EXERCISE GOAL:
Below are lines of data, and only some are wanted. Please repeat exactly those from the line that has "Keystone Light Calories" through the line that has "Offiziell: Microsoft übernimmt".

DATA SECTION:

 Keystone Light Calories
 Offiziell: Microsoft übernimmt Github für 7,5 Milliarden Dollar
---
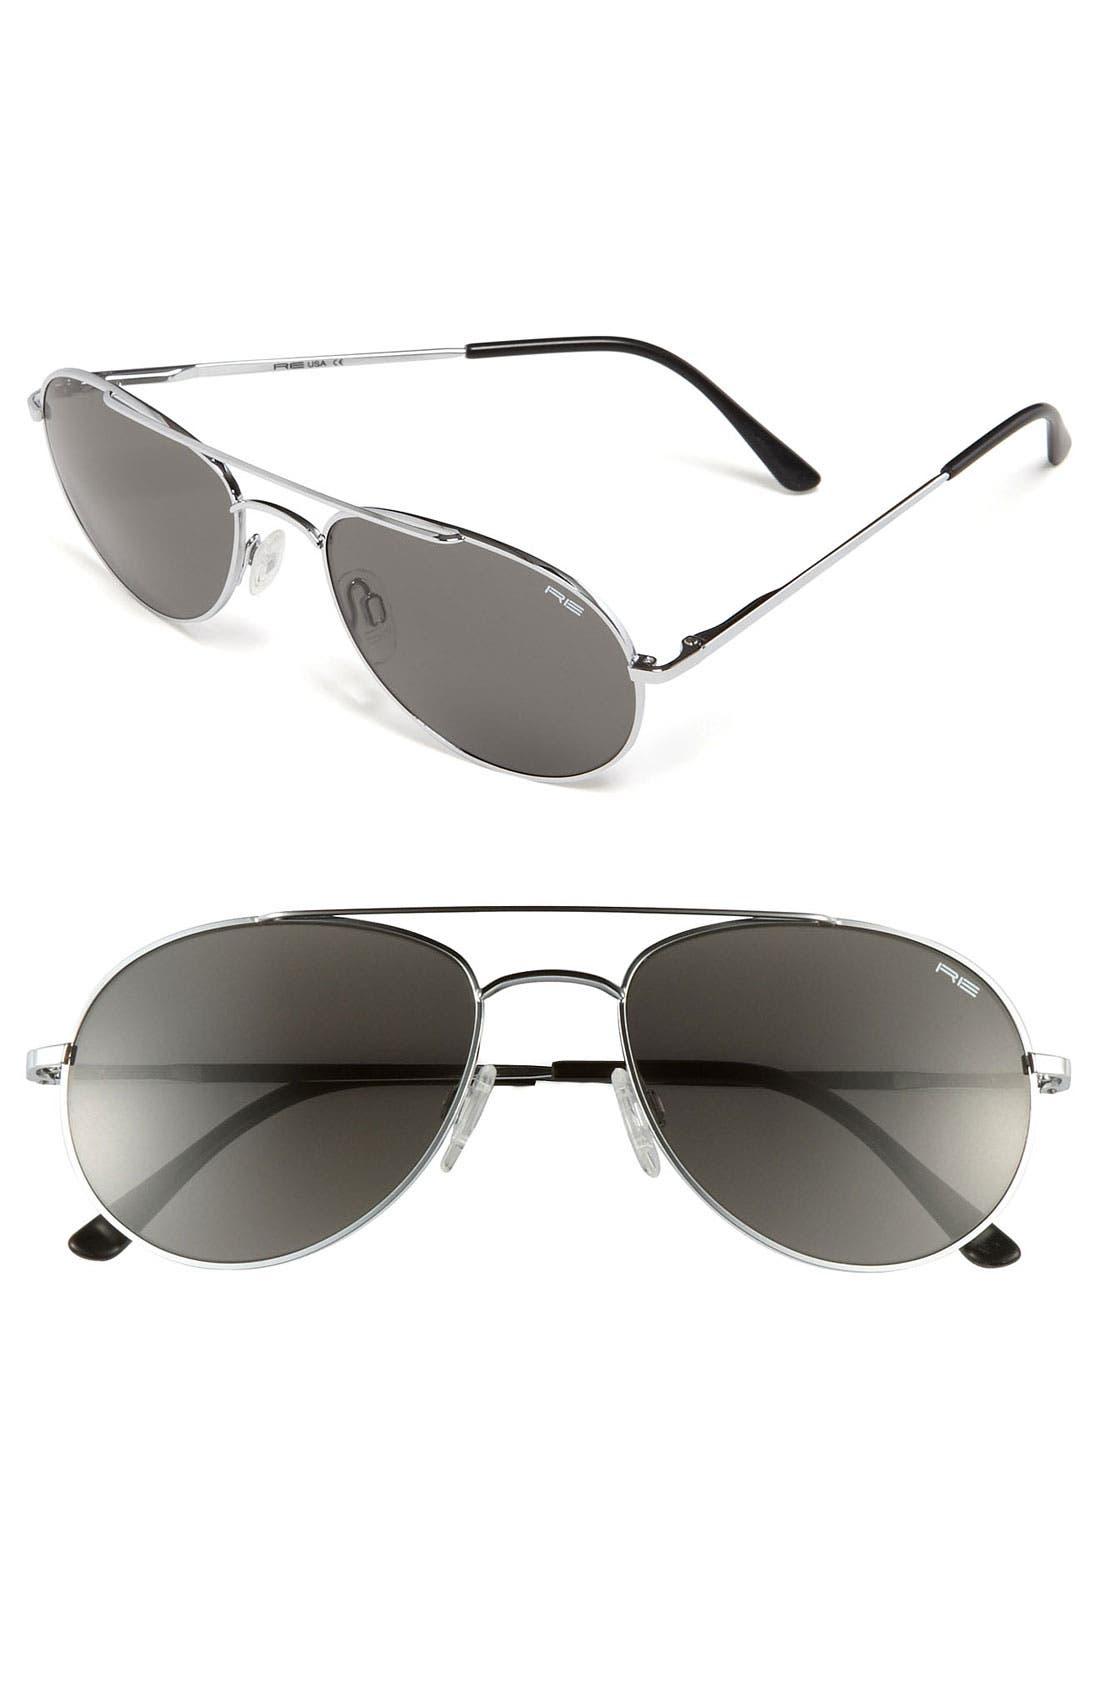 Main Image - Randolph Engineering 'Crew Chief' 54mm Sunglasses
* * *
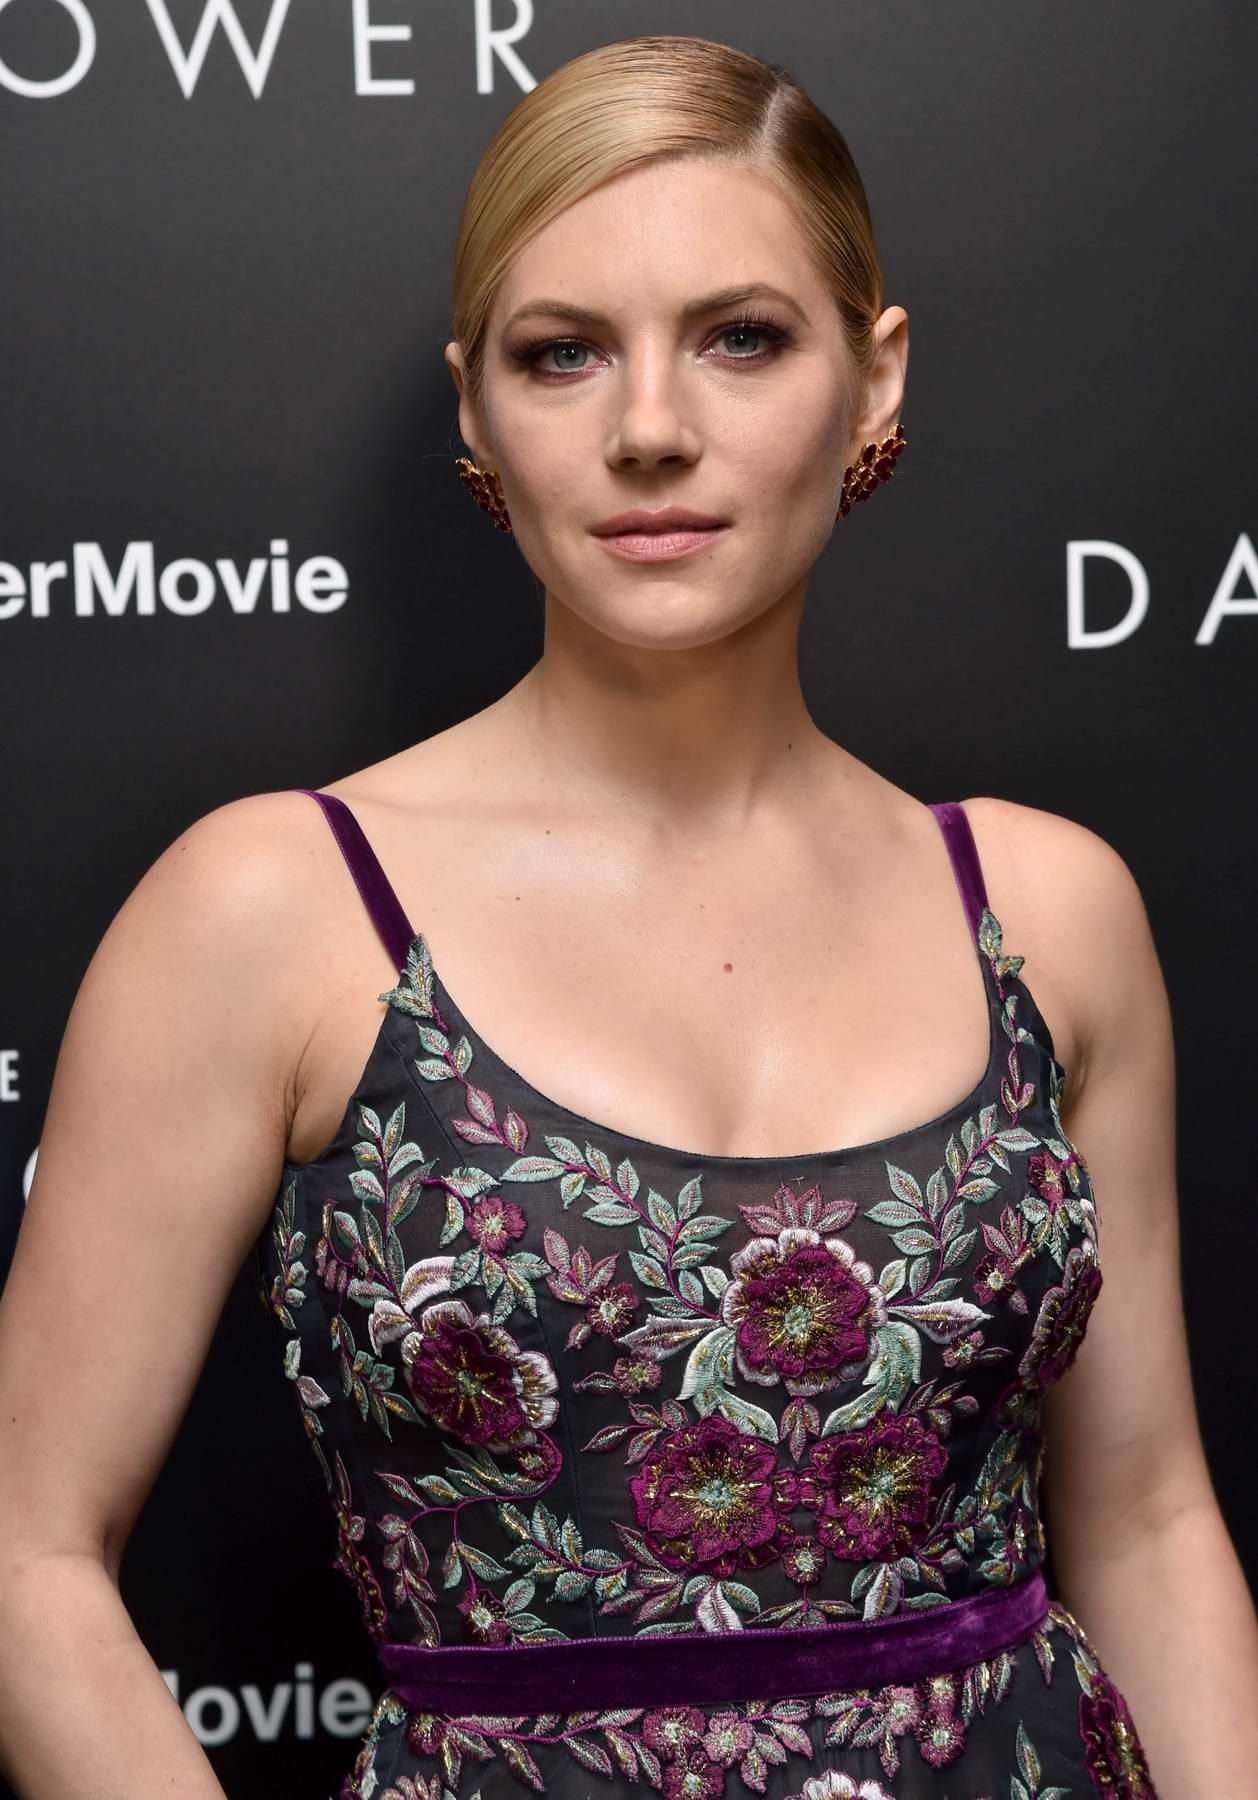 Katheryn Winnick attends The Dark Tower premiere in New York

RESPONSE FOR THIS EXERCISE:
 Keystone Light Calories
 Offiziell: Microsoft übernimmt Github für 7,5 Milliarden Dollar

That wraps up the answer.